Stanford University in Berlin

Krupp Internships / Praktika

Berthold Beitz, Chair of the Krupp Foundation: In Memoriam

Berlin, August 2, 2013

Dear Krupp Interns,

Berthold Beitz, the man who stood with you in the Villa Hügel photo, who initiated your Internship Program 31 years ago, Chair and founder of the Alfried Krupp von Bohlen und Halbach-Foundation, died at the age of 99 in his vacation home on the North Sea island of Sylt on Tuesday, July 30. This acacemic year's group of interns was the last group to meet him. I attach the official announcement of his death and tribute to his accomplishments issued by the Krupp Foundation.
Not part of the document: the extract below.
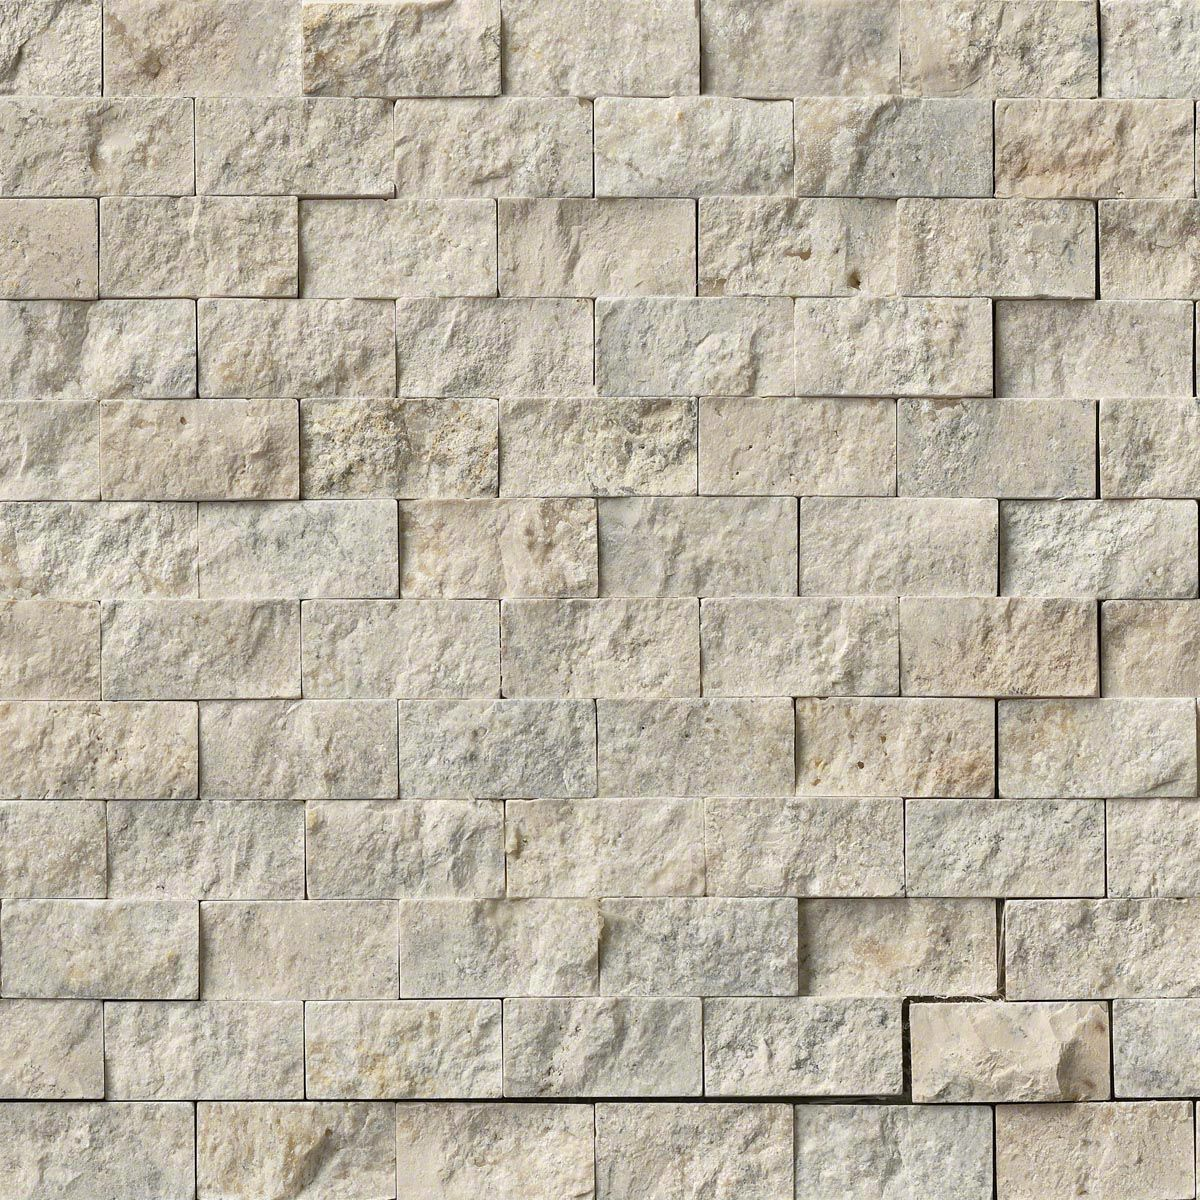 Puebla 1x2 Splitface In 12x12 Mesh Backsplash Stone Tub Wall Tiles
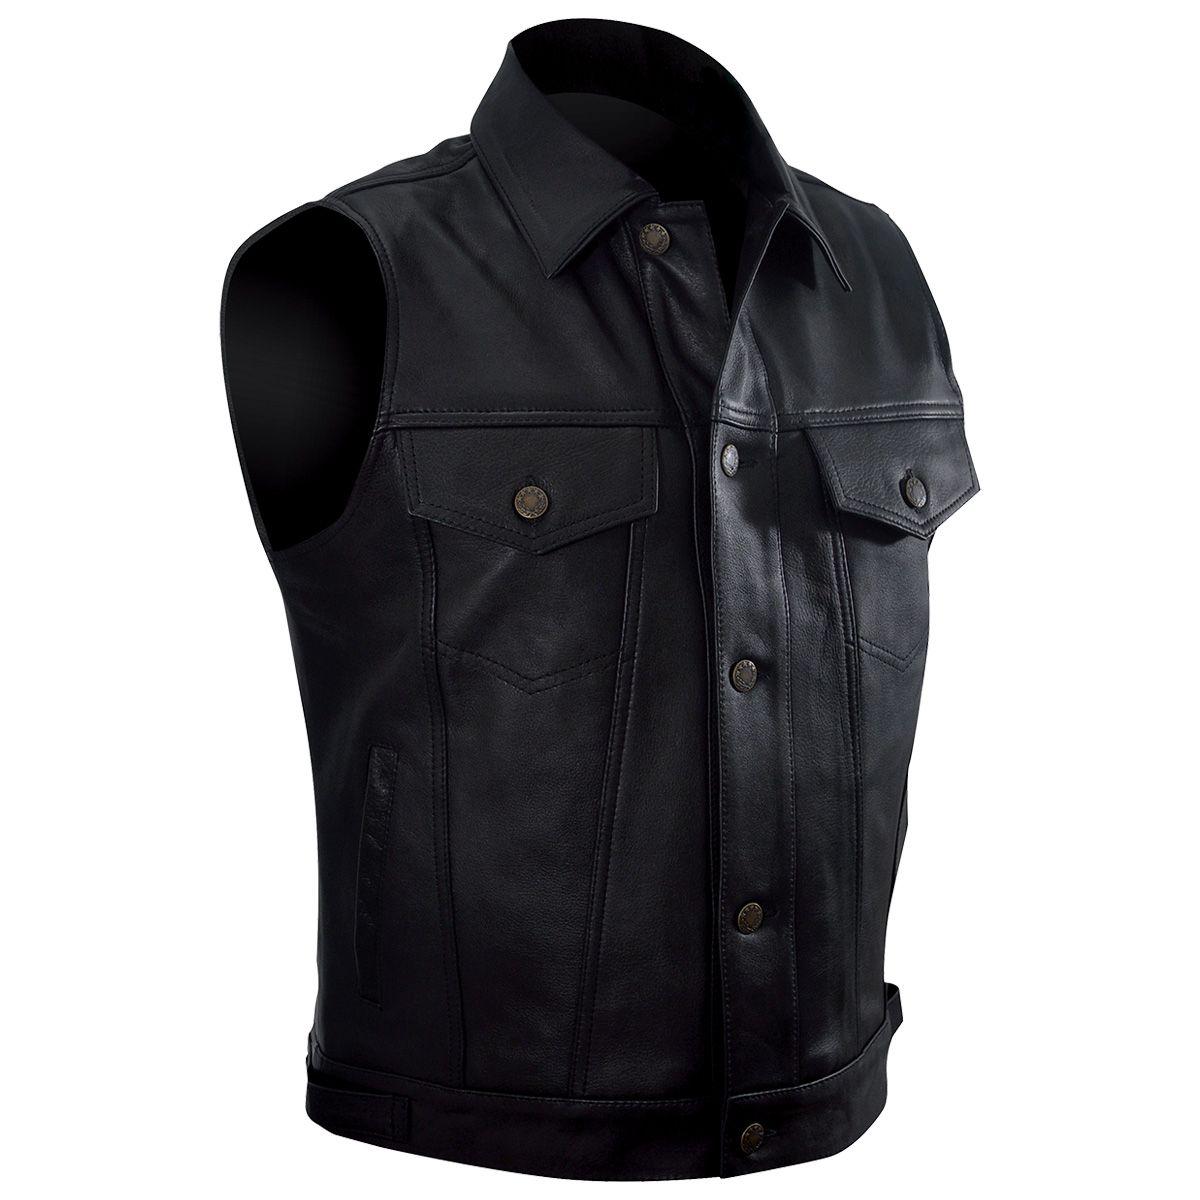 veste cuir sans manches mec osx lee jacket vestes blousons rock a gogo. Black Bedroom Furniture Sets. Home Design Ideas

Herr Beitz was an exemplary man. He was indisputably the most renowned corporate leader in the last 60 years in Germany. But his perspectives were broader, his humanity deeper, than many of his generation. He was humble and understated about the courage he had shown, with his wife, in saving over 200 Jews from Nazi death camps; when he once described to me, with characteristic modesty, what he had done back then, he said simply: "I was not a resistance fighter; what my wife and I did was just the human thing to do." Beitz was an open and progressive man; he publicly opposed Konrad Adenauer's Cold War politics, was an early proponent of détente, wanted to normalize trade with the Soviet Union and East Germany, and persuaded Alfried Krupp, who had spent time in prison for his firm's use of slave labor during WWII, to turn the family fortune into a public foundation. Beitz was from a humble, small-town background (the family did not have enough money for him to attend college) and had an alert, interested way of being with people that made him a natural leader; he commanded great respect, but without arrogance. Over the years, he shook the hand of almost all 1100 of you, asking you where you came from, where you would be interning, often commenting on his own experience with a given firm or a city. When we met with him this May he was too weak to welcome this yearís interns individually, but he gave a warm wave of welcome and posed with us for the annual group photo; his mind was sharp as ever, but he was no longer able to walk without support - and it was my priviledge to provide it that day.

Your program was his program; Berthold Beitz personally proposed, in 1982, that the Foundation provide funds to develop an internship program for Stanford students in Germany. The rest is history. All who knew him were hoping that Herr Beitz would live to celebrate his 100th. At 99 he was still very much in charge of the Foundation; in June, Director of Overseas Studies, Prof. Ramon Saldivar and I visited the Foundation to express the gratitude of the University for three decades of support, but Mr. Beitz himself was unfortunately unable to meet with us personally that day.

Last year, at the festive Villa Hügel luncheon Mr. Beitz hosted for the 30th anniversary of the Krupp Internship Program, alumnus Claus Zoellner (who had visited Beitz, with whom he had a cordial relationship, on Stanford's behalf in 1982 and walked out with the funding for our internship program) addressed the students, quoting a sentence from Pericles that Mr. Beitz has often said was a maxim for his own life. I share it at this sad time with all of you, who have benefitted from the generosity of this great and deeply human man: "Das Geheimnis des Glücks ist die Freiheit, das Geheimnis der Freiheit aber ist der Mut", in English roughly: "The secret of happiness is freedom; the secret of freedom, however, is courage."